◆ Task instructions: Would you repeat each line below exactly, without the pictures?

Dataset extract START

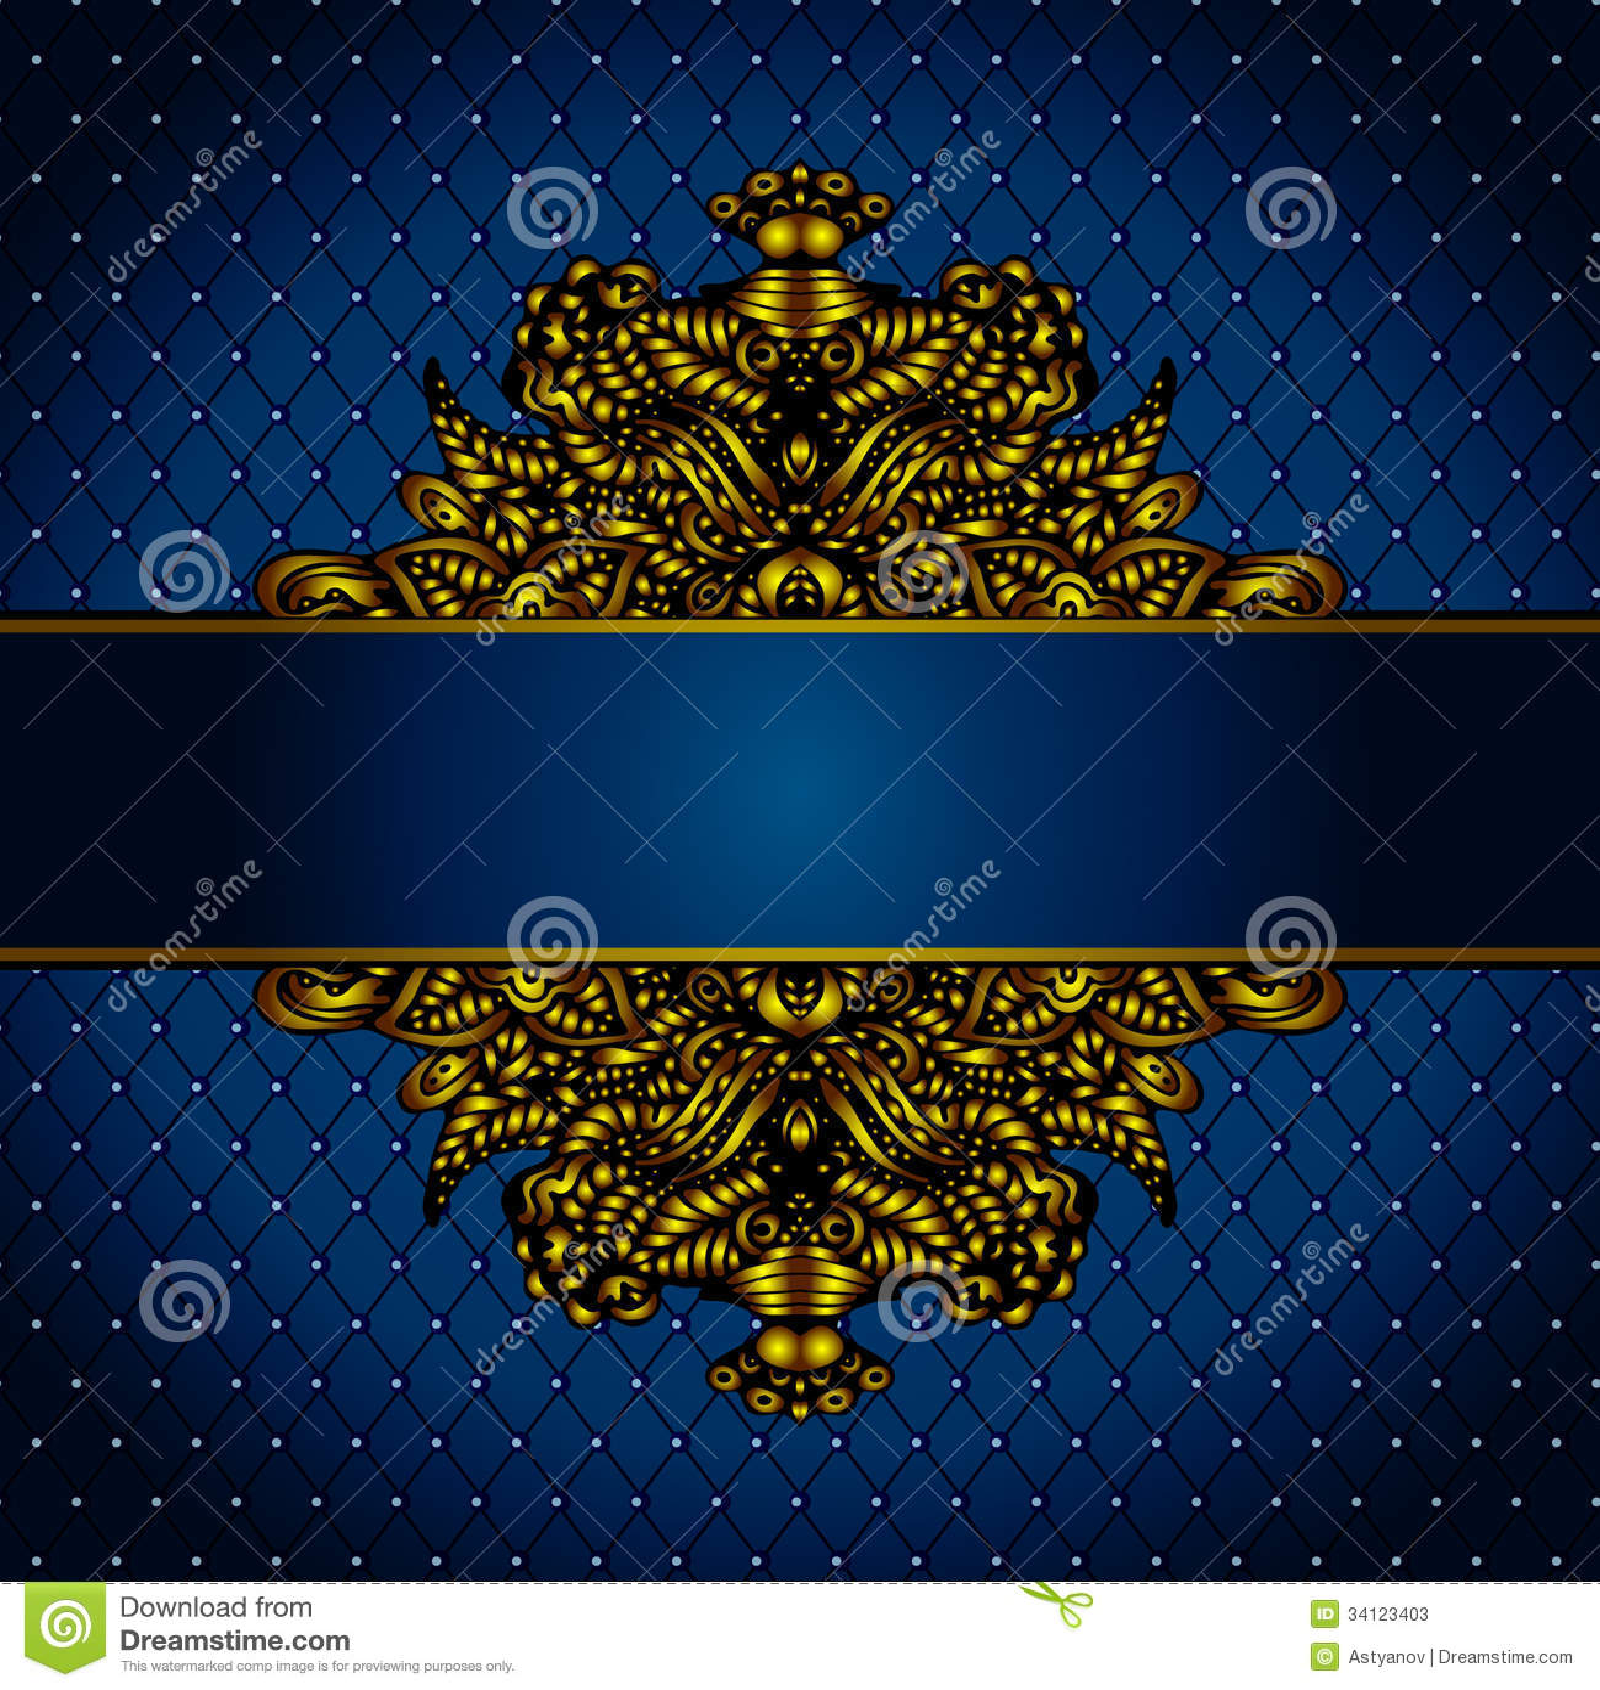 Royal Invitations was amazing invitation layout
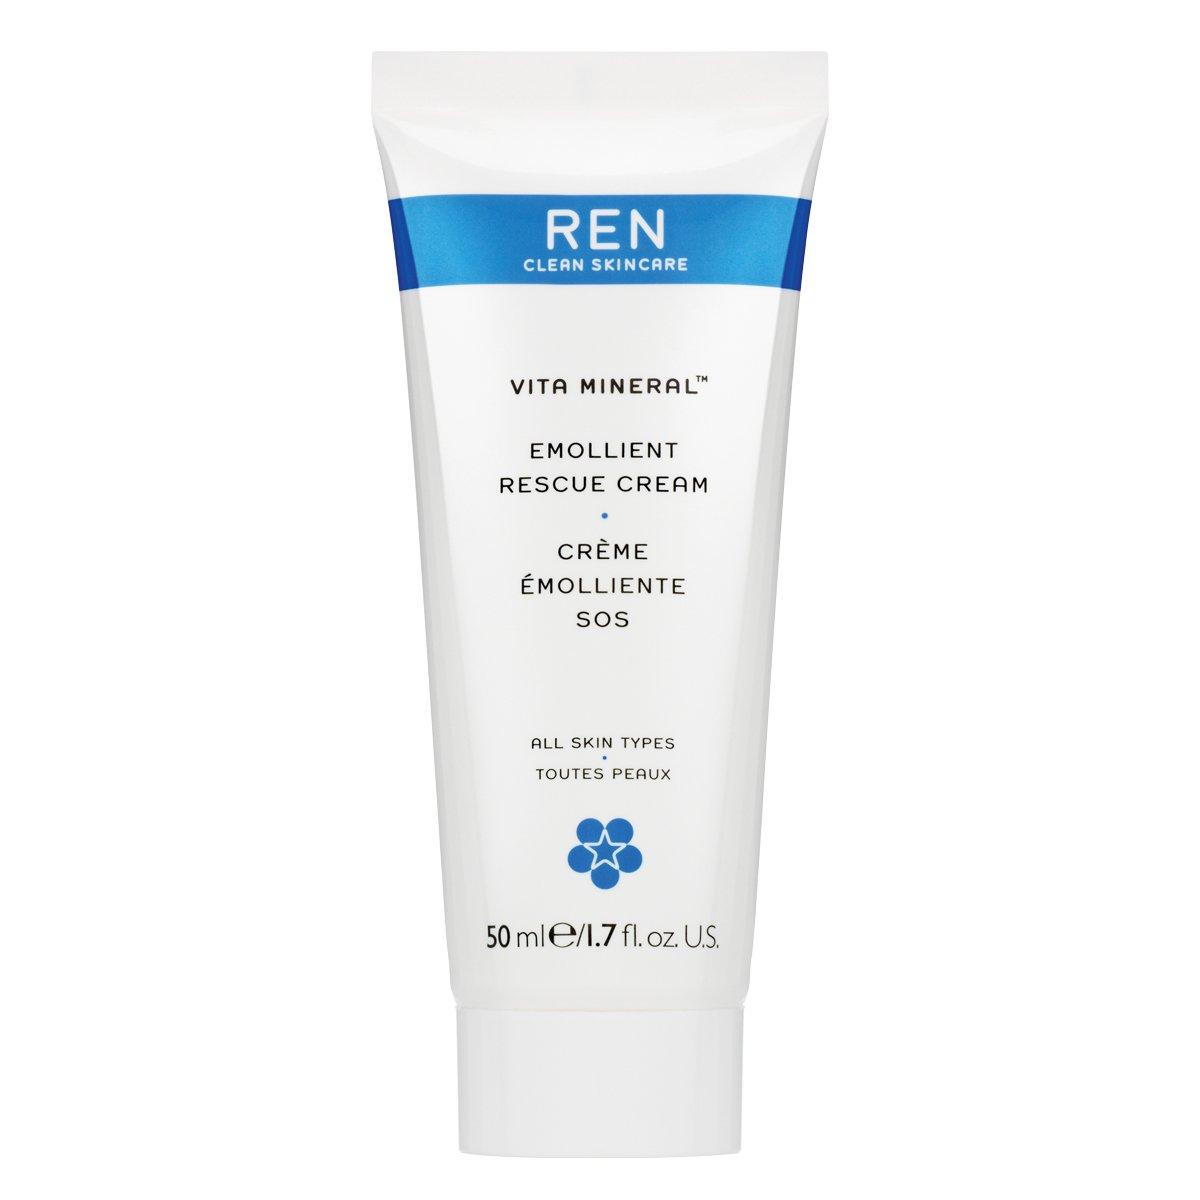 REN Vita Mineral Emollient Rescue Cream, 1.7 Ounce
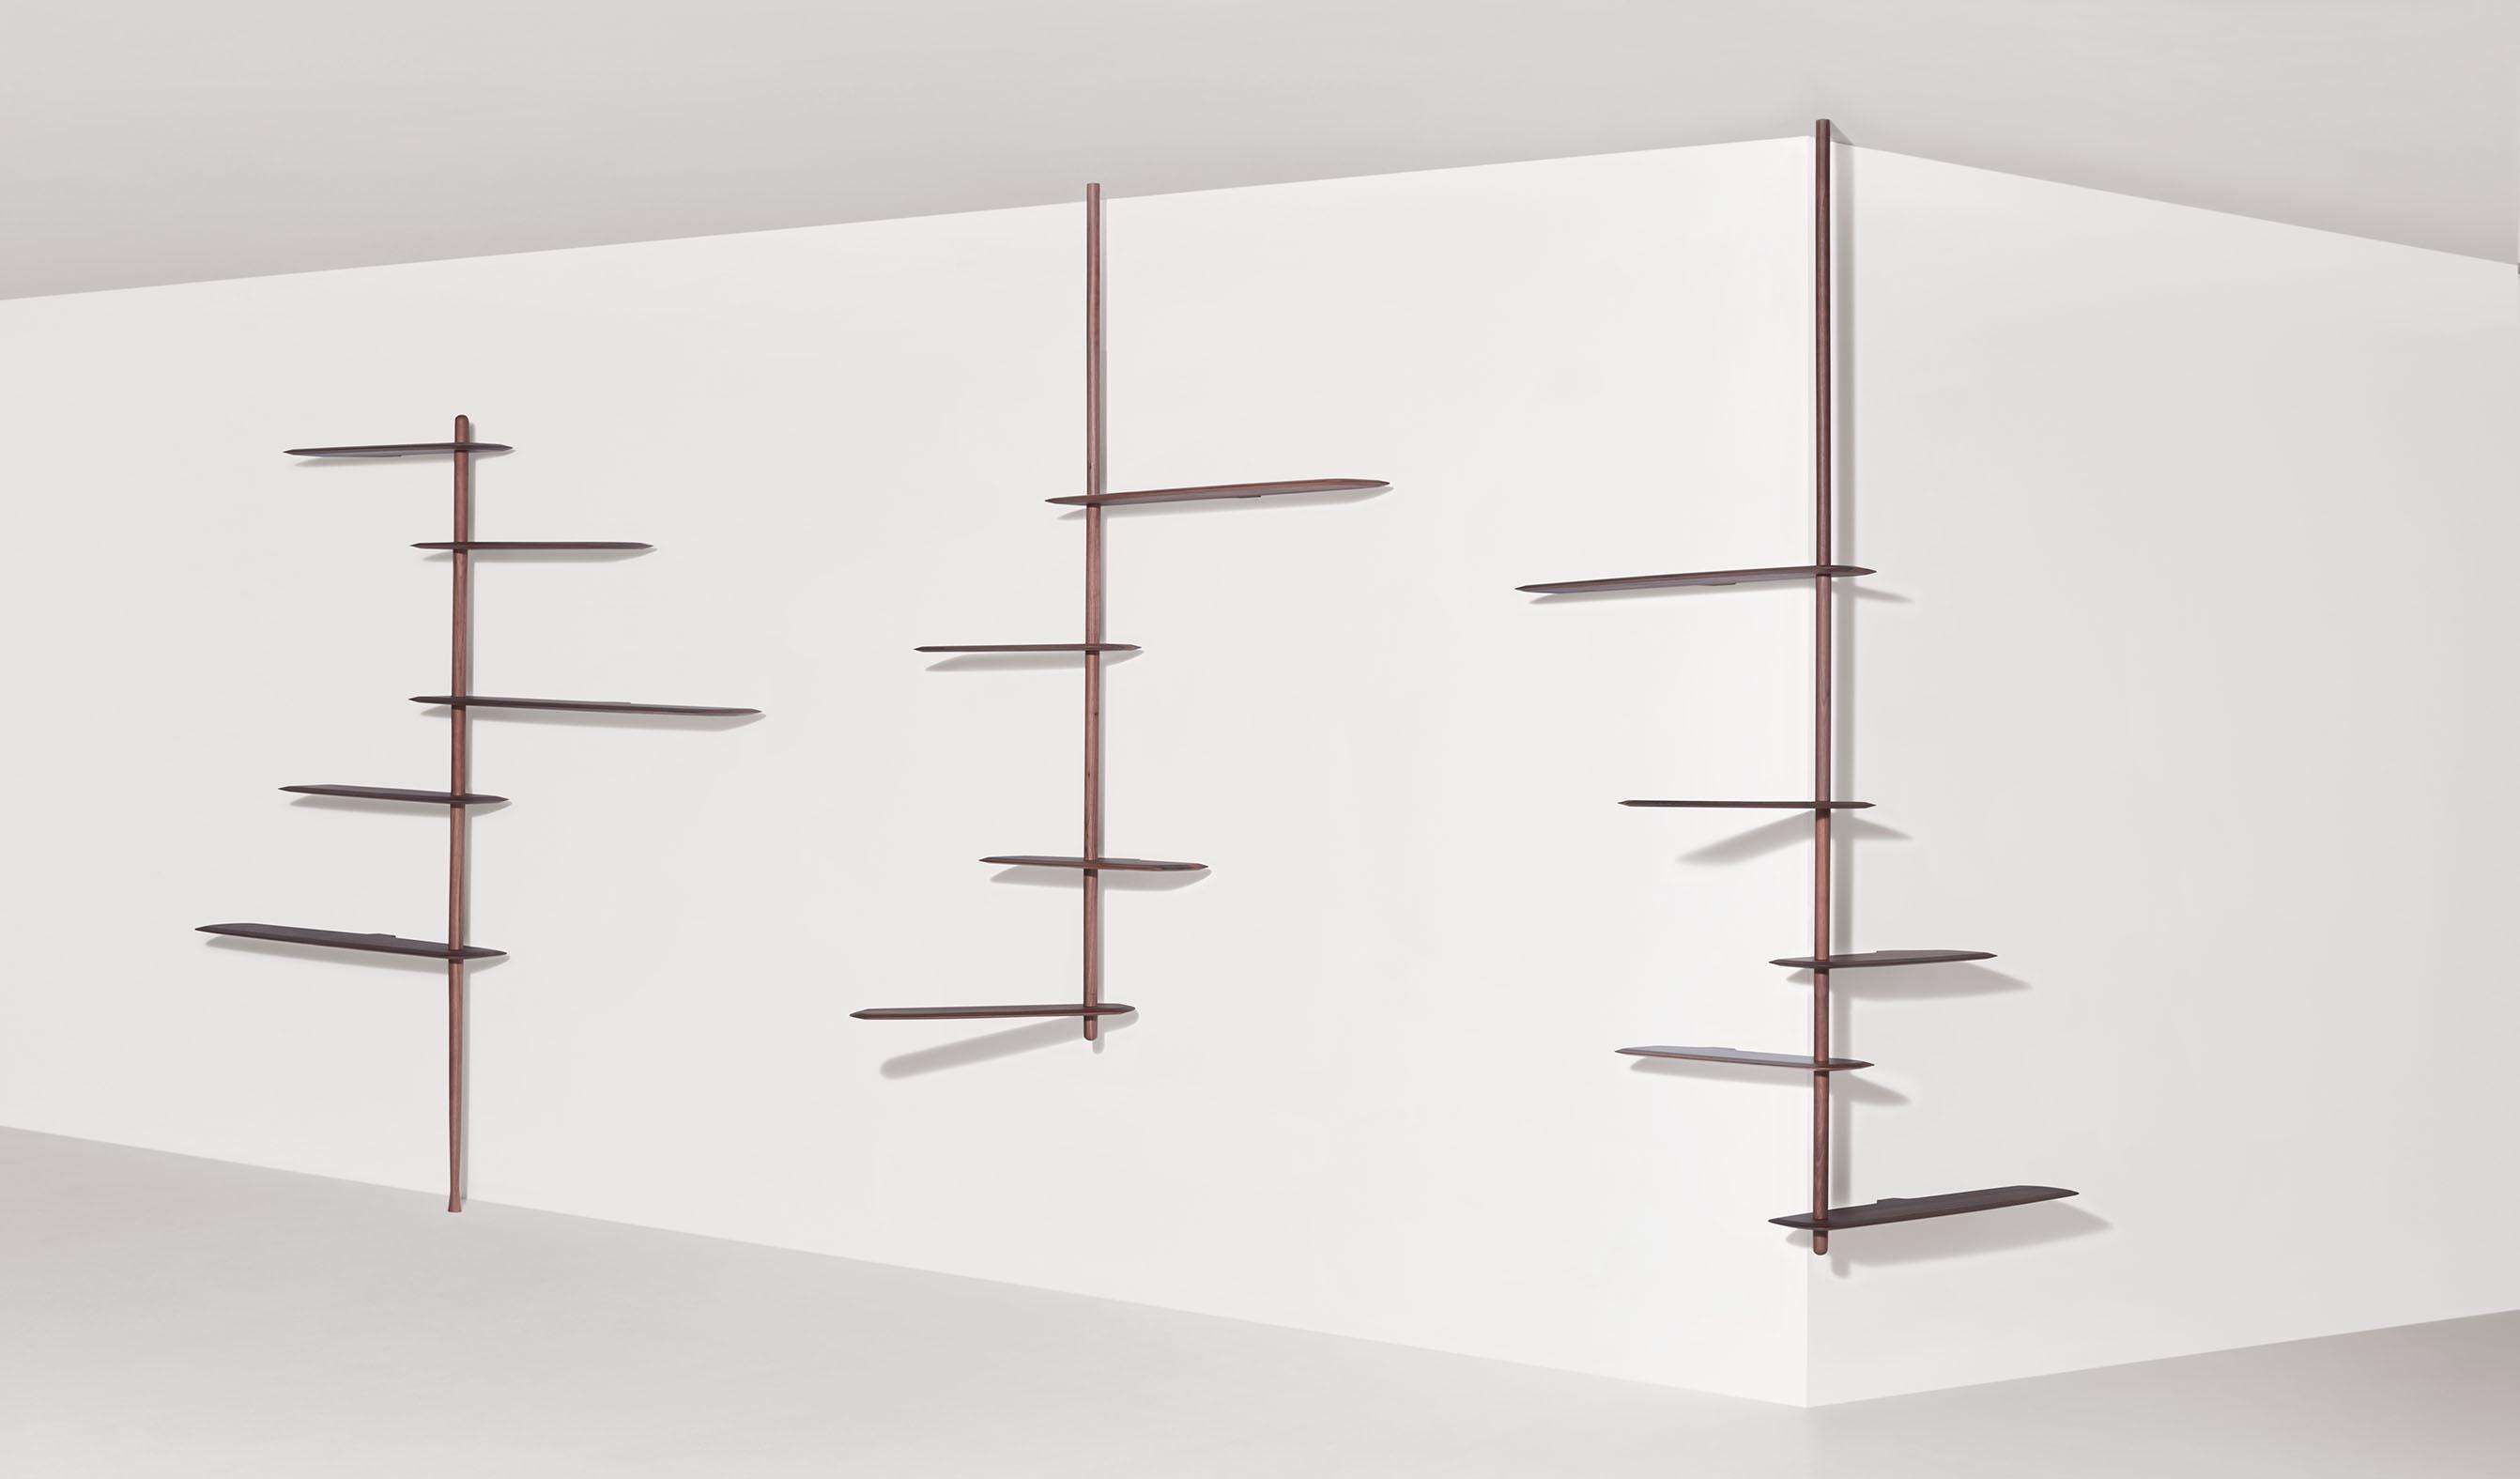 Estantería Unica shelf system nomon home unica 17

Dataset extract END

◆ Solution for this exercise:
 Royal Invitations was amazing invitation layout
 REN Vita Mineral Emollient Rescue Cream, 1.7 Ounce
 Estantería Unica shelf system nomon home unica 17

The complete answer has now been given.